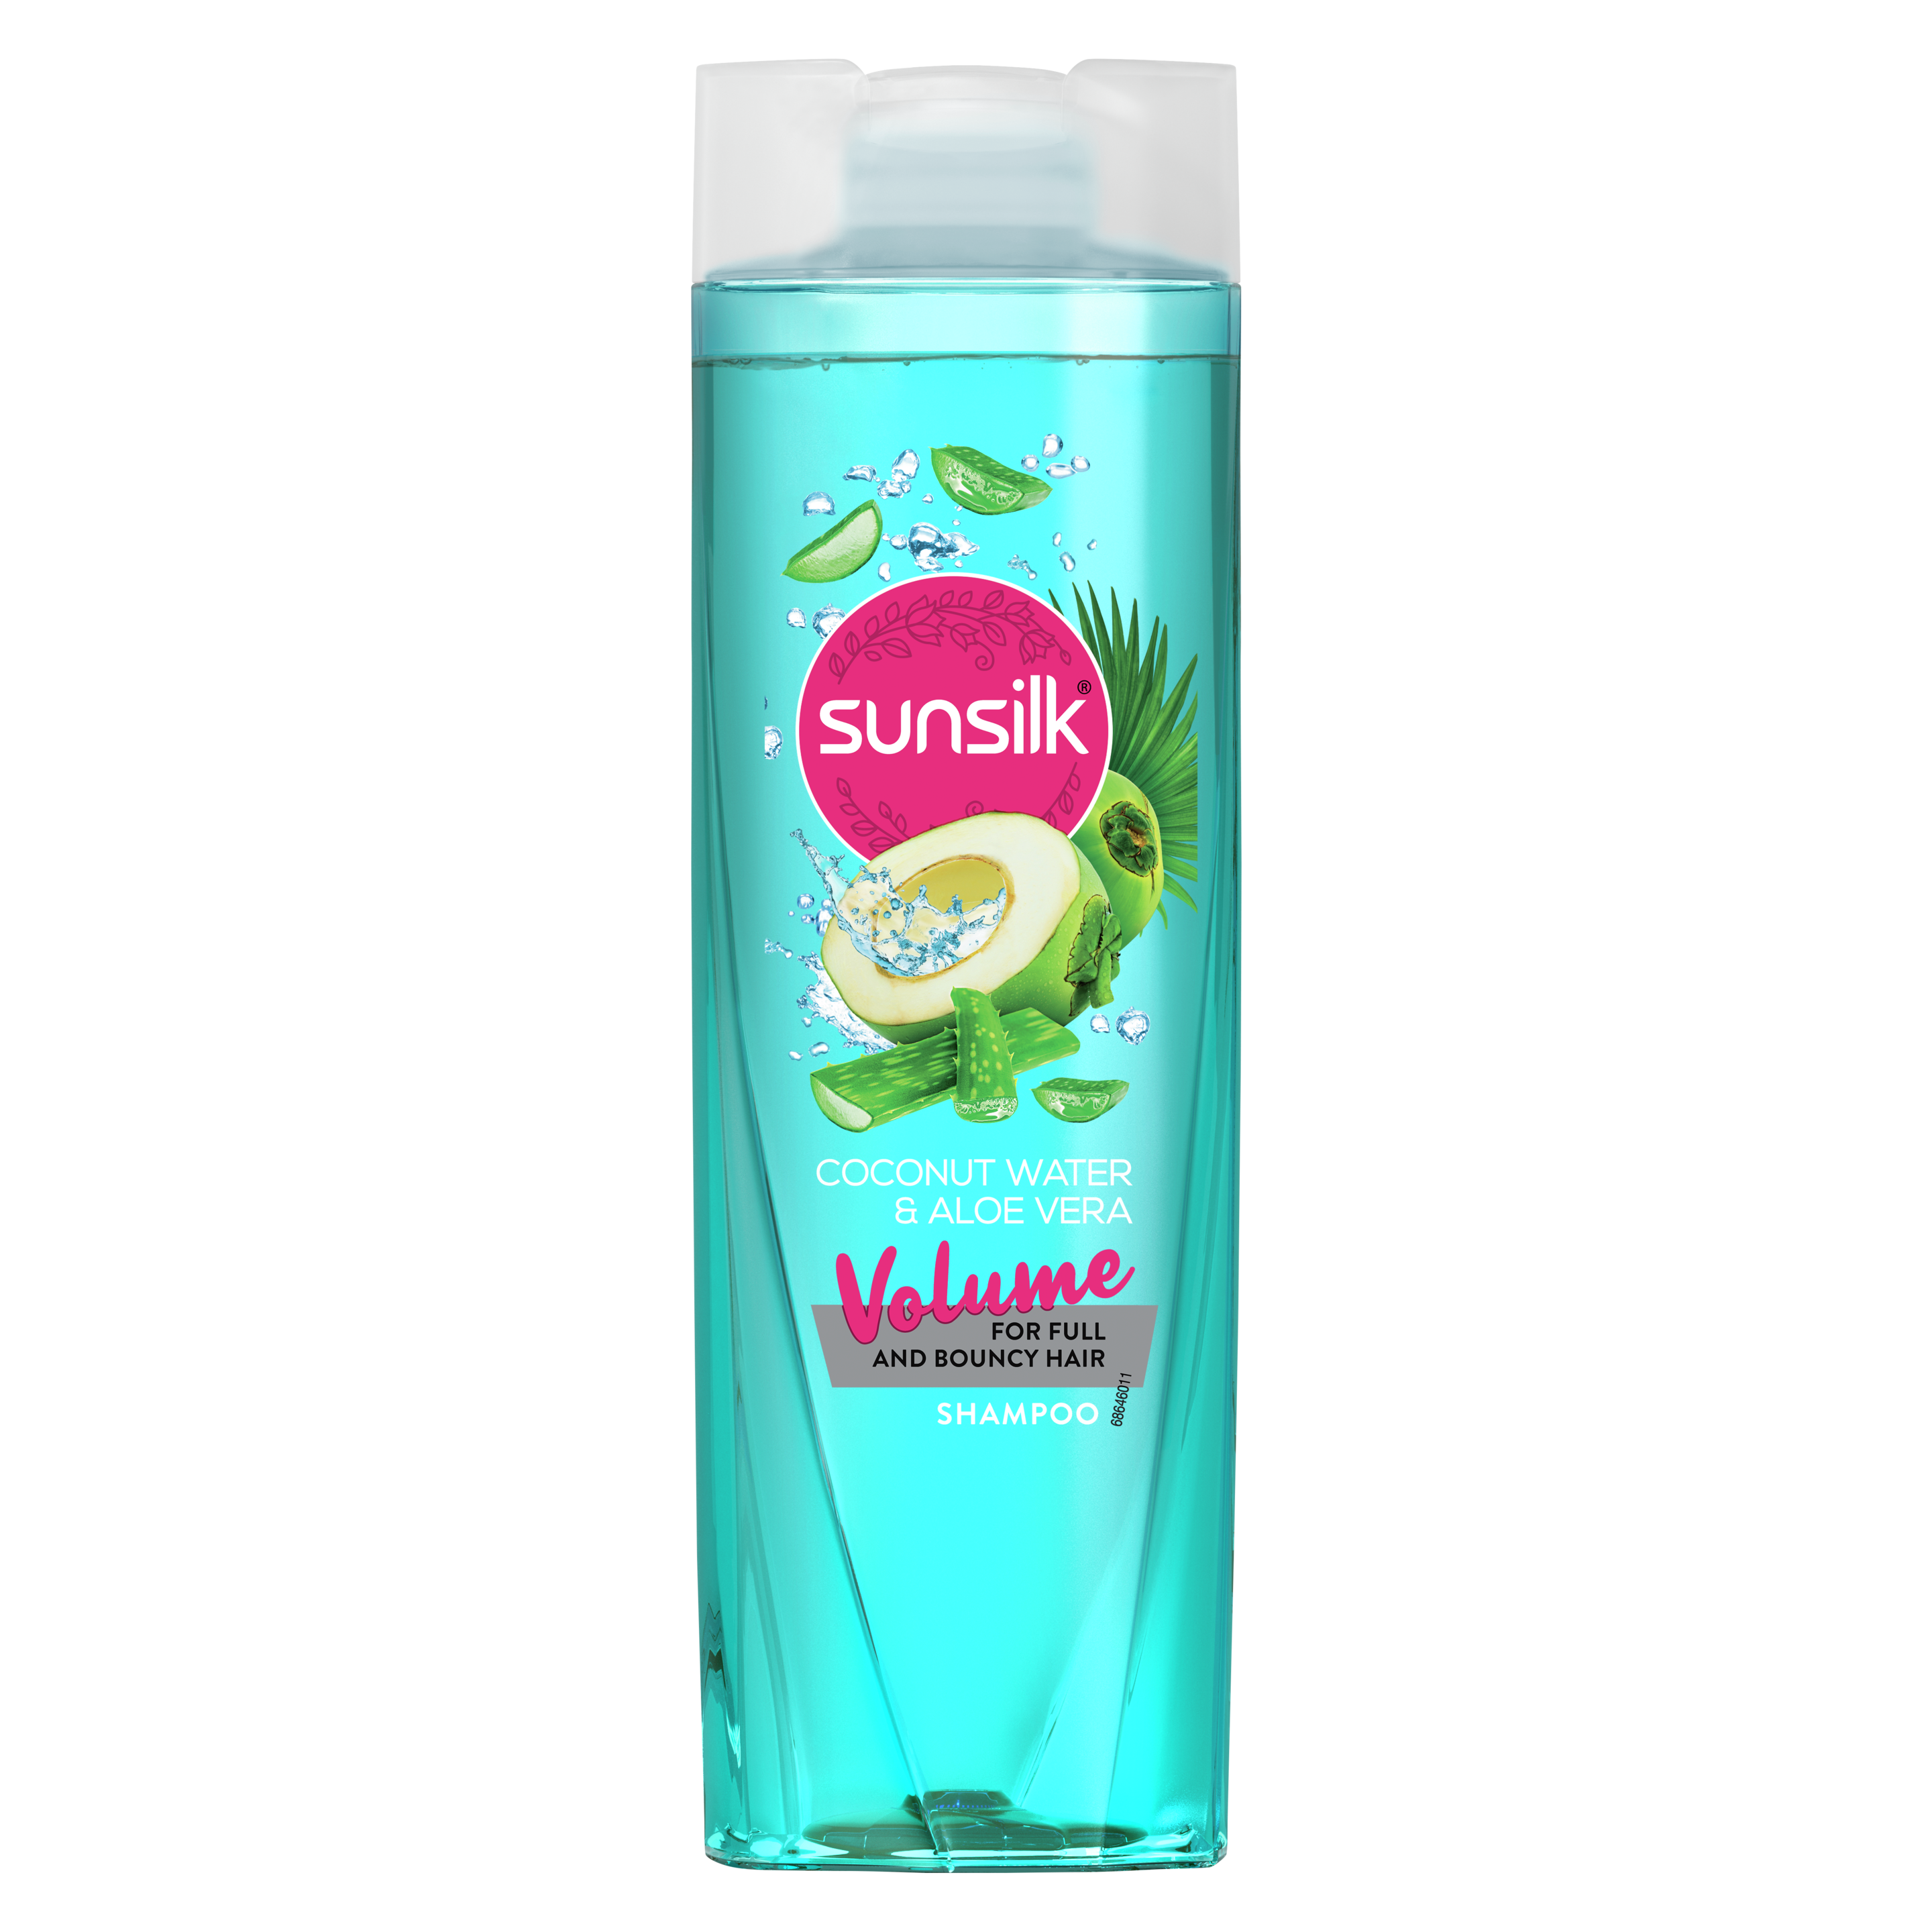 Sunsilk Coconut Water & Aloe Vera Volume Shampoo
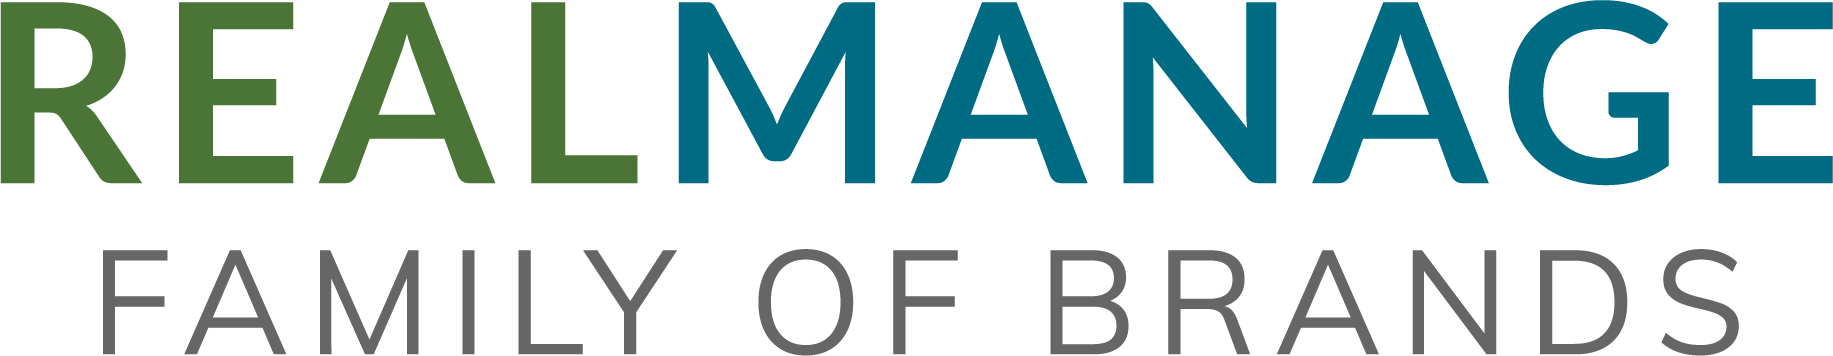 RealManage Family of Brands - Sarasota logo
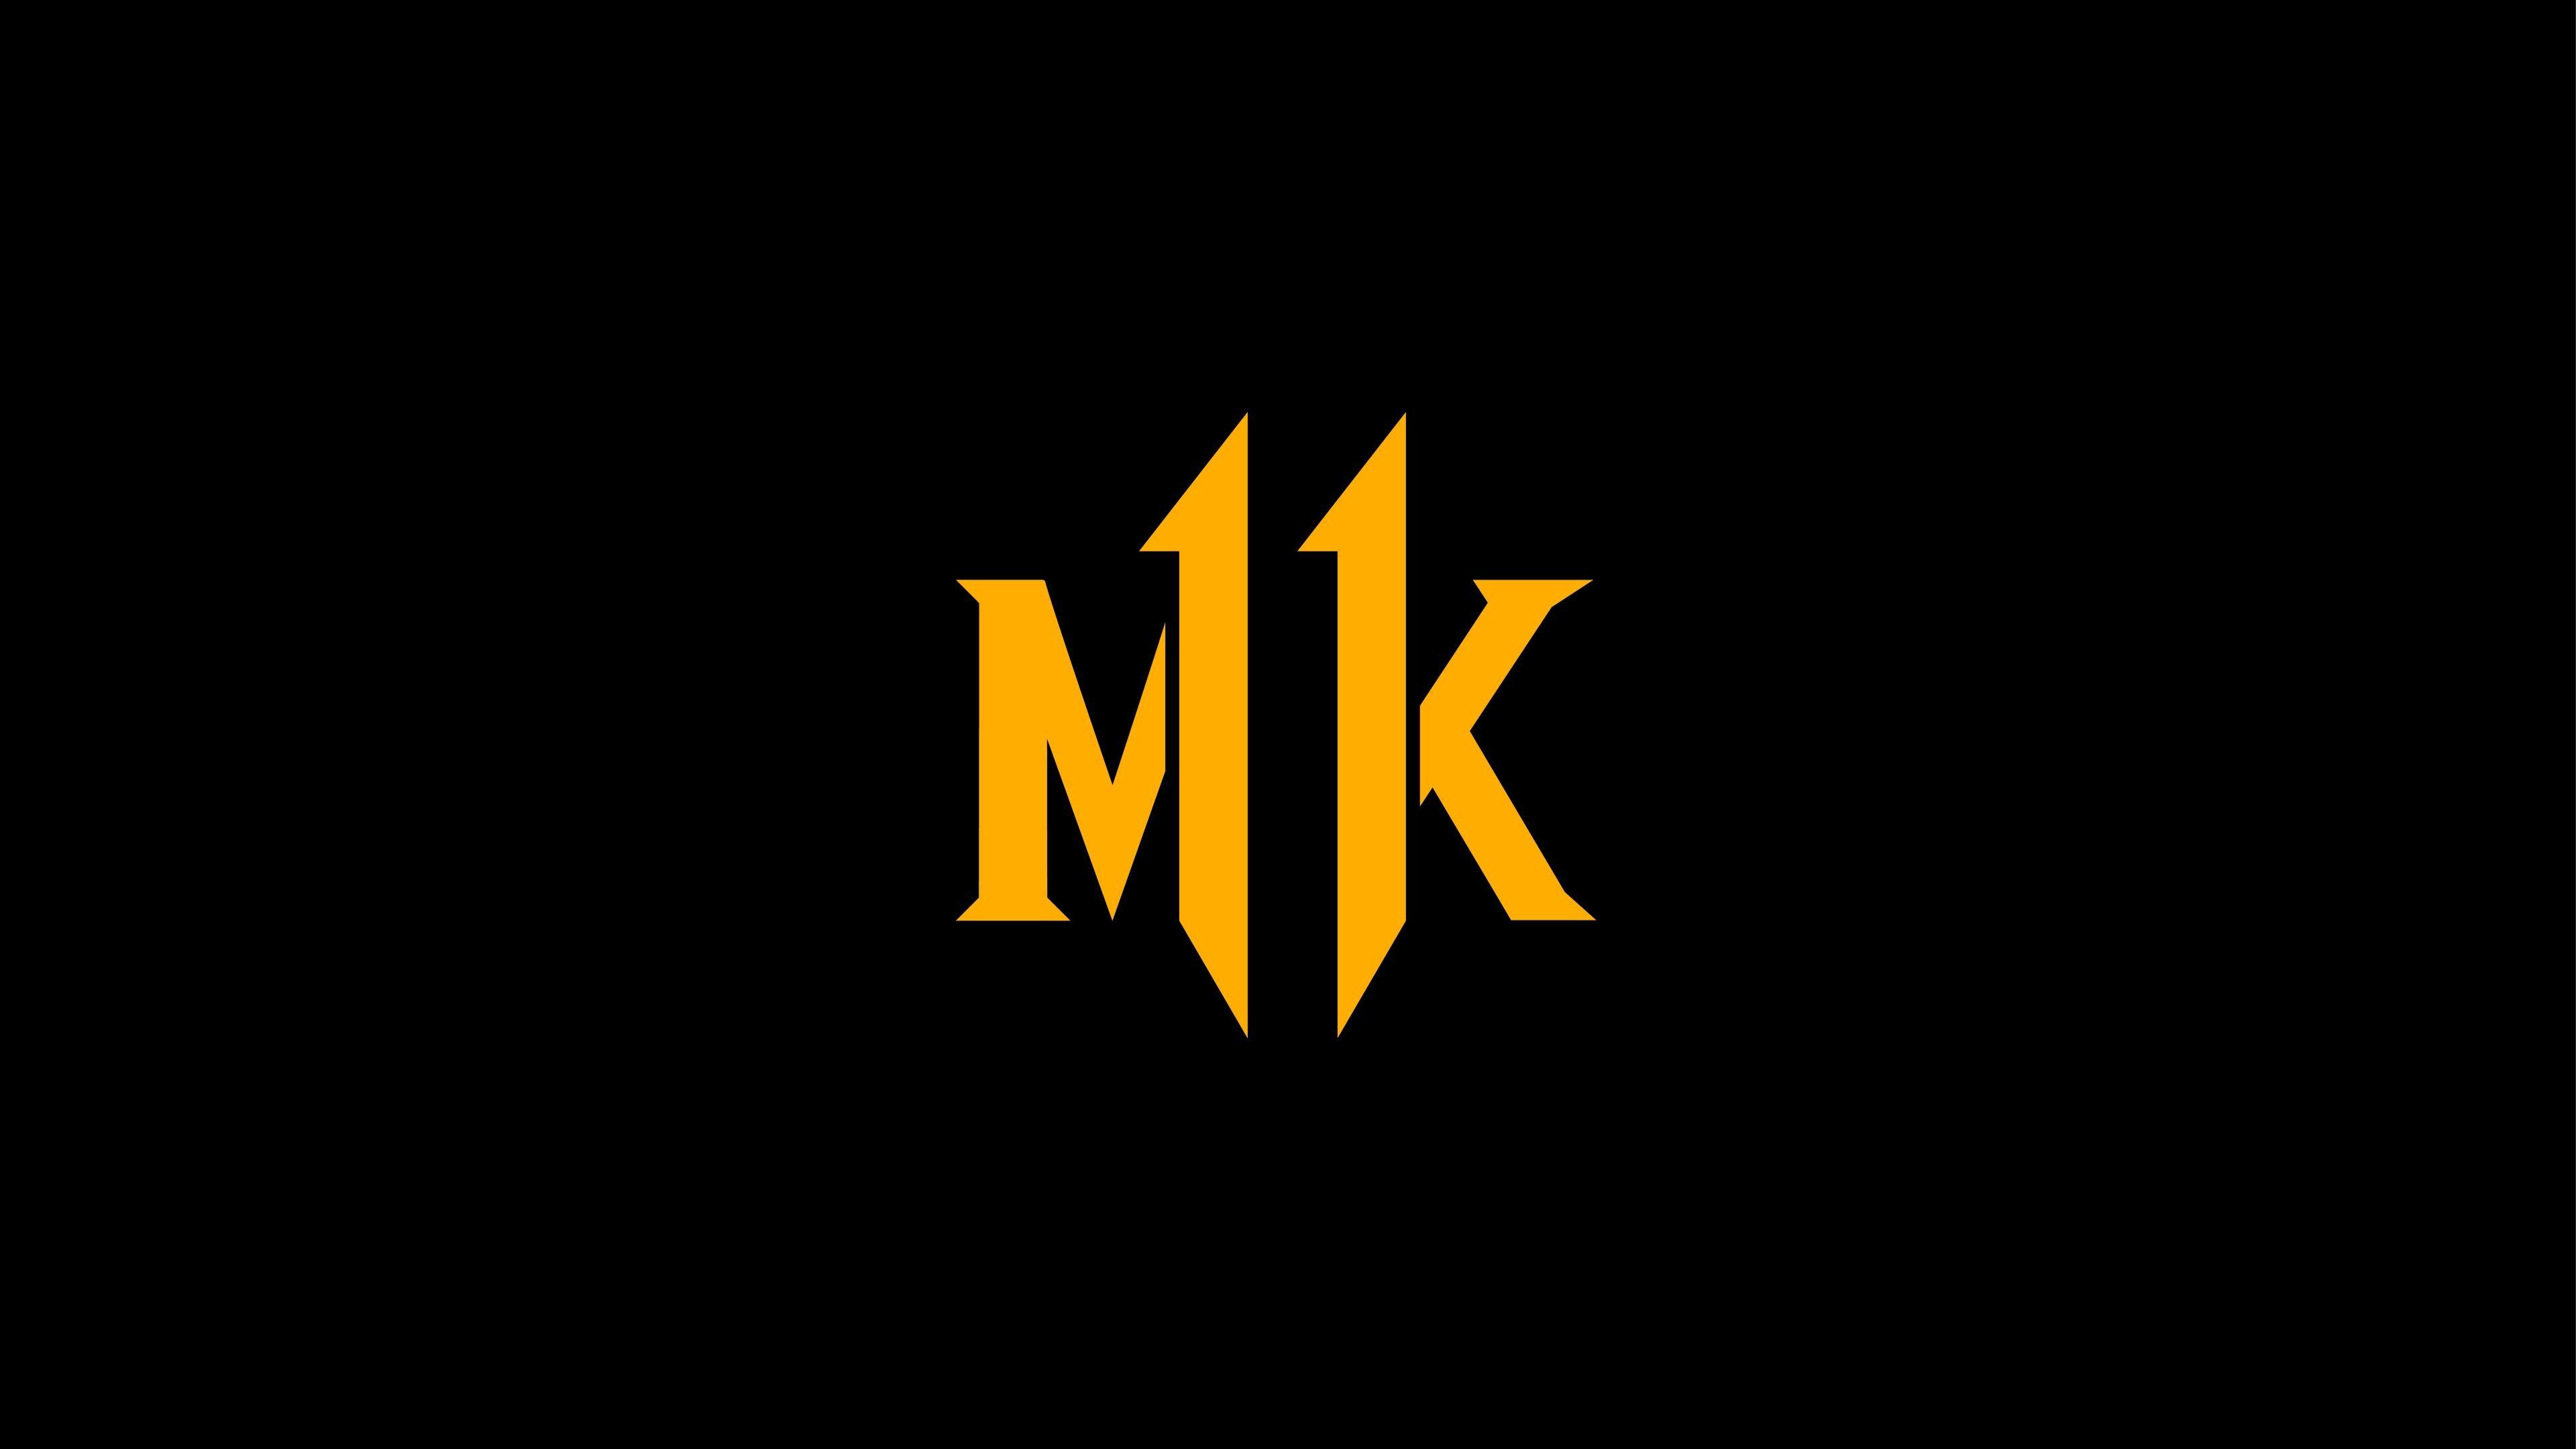 Michael Kors Logo Wallpapers - Top Free Michael Kors Logo Backgrounds

> _PROBLEM_
Within the listing above, find the line containing "RealManage Family of Brands - Sarasota logo", then print it and every line after it exactly, leaving out pictures.

> _RESPONSE BOX_
 RealManage Family of Brands - Sarasota logo
 Michael Kors Logo Wallpapers - Top Free Michael Kors Logo Backgrounds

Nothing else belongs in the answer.